Special Asap versions of ASE objects¶
Some standard ASE objects are replaced by Asap’s own versions, either for performance reasons or to support Asap’s parallelization paradigm (see Parallel simulations on clusters using Message Passing).
In particular, be aware of special versions of the dynamics, energy minimization, constraints and I/O classes.

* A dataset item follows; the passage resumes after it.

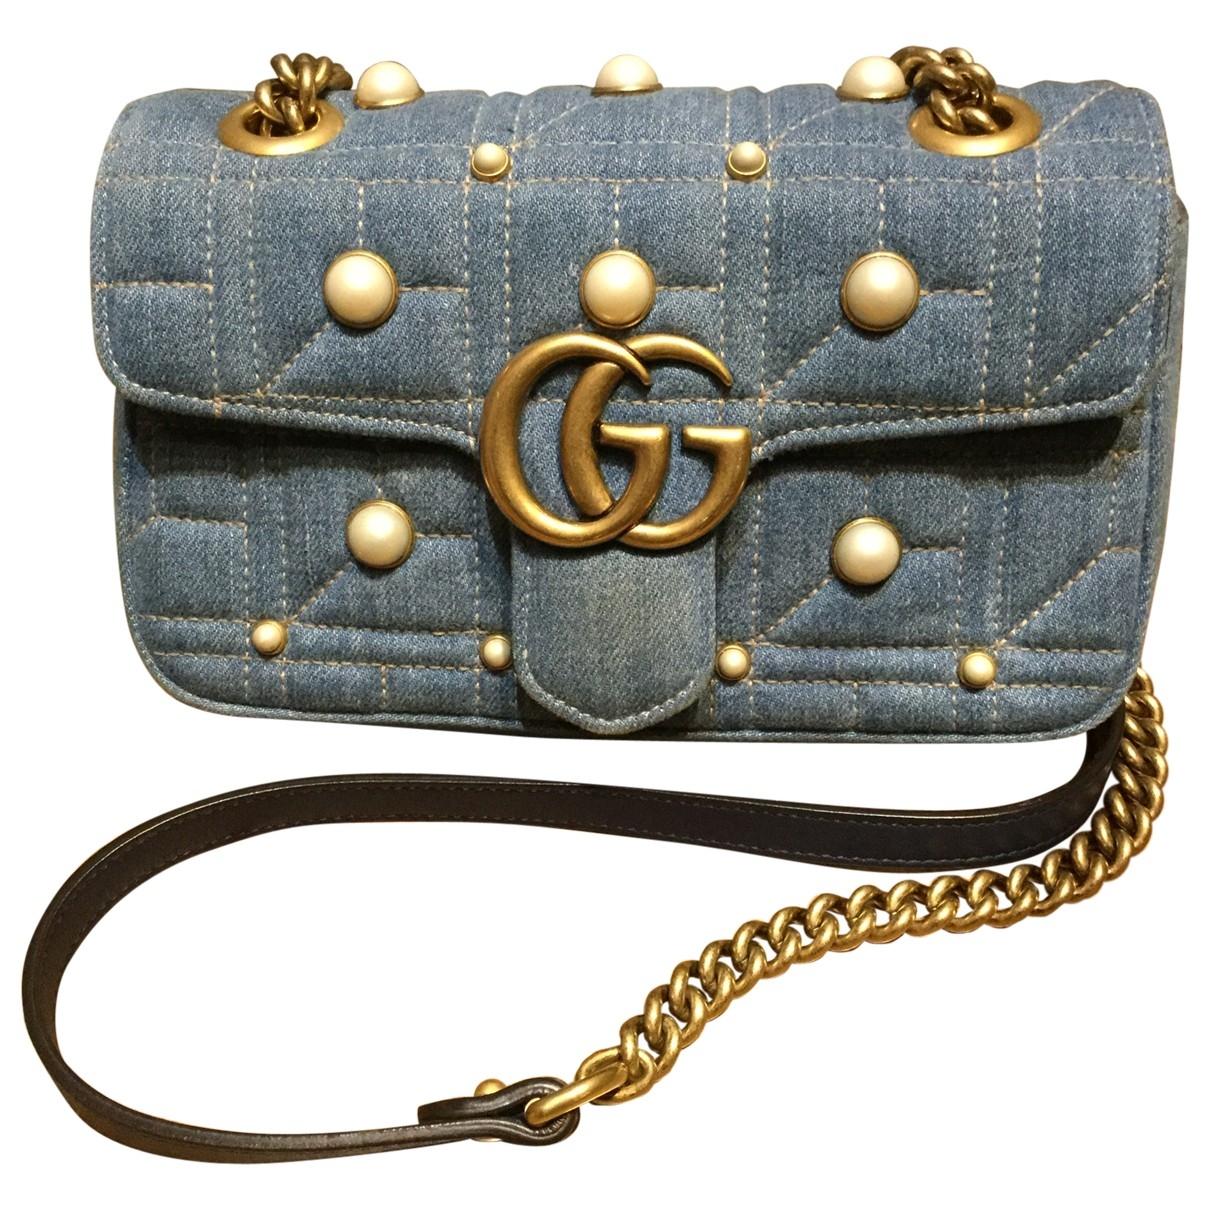 Gucci Marmont Handtasche in  Blau Denim - Jeans

Special Molecular Dynamics classes¶
The following Molecular Dynamics objects should be imported from Asap rather than from ASE:
from asap3.md.verlet import VelocityVerlet
from asap3.md.langevin import Langevin
from asap3.md.npt import NPT
from asap3.md.nvtberendsen import NVTBerendsen
from asap3.md.nptberendsen import NPTBerendsen
Energy minimization classes¶
Most QuasiNewton energy minimization classes will not work well with Asap, as Asap simulations typically contains thousands of atoms, and these algorithms construct a 3N-by-3N matrix where N is the number of atoms. The exceptions are LBFGS and LBFGS_Linesearch which work for serial simulations only. Otherwise, please use FIRE or possibly MDmin:
from asap3.optimize.fire import FIRE
from asap3.optimize.mdmin MDMin
File I/O¶
As file input and output is done through ASE, all normal ASE methods work in serial
simulations. In parallel simulations, data needs to be collected from the
many MPI tasks. A special version of the Trajectory
class has been made for
this:
from asap3.io.trajectory import Trajectory
When attached to a dynamics object, it will output data from both serial and parallel simulations correctly. See also the example Running on parallel computers.
Constraints¶
Most ASE constraints work only in serial simulations. The FixAtoms
constraint is both sensible and useful in large scale simulation, and
a special version has been made:
from asap3.constraints import FixAtoms
It is recommended to use masks rather than indices when creating the constraint, as that is less ambiguous. The indices will be interpreted as indices local to this task.
Constraints in ASAP are only minimally tested, use at your own peril.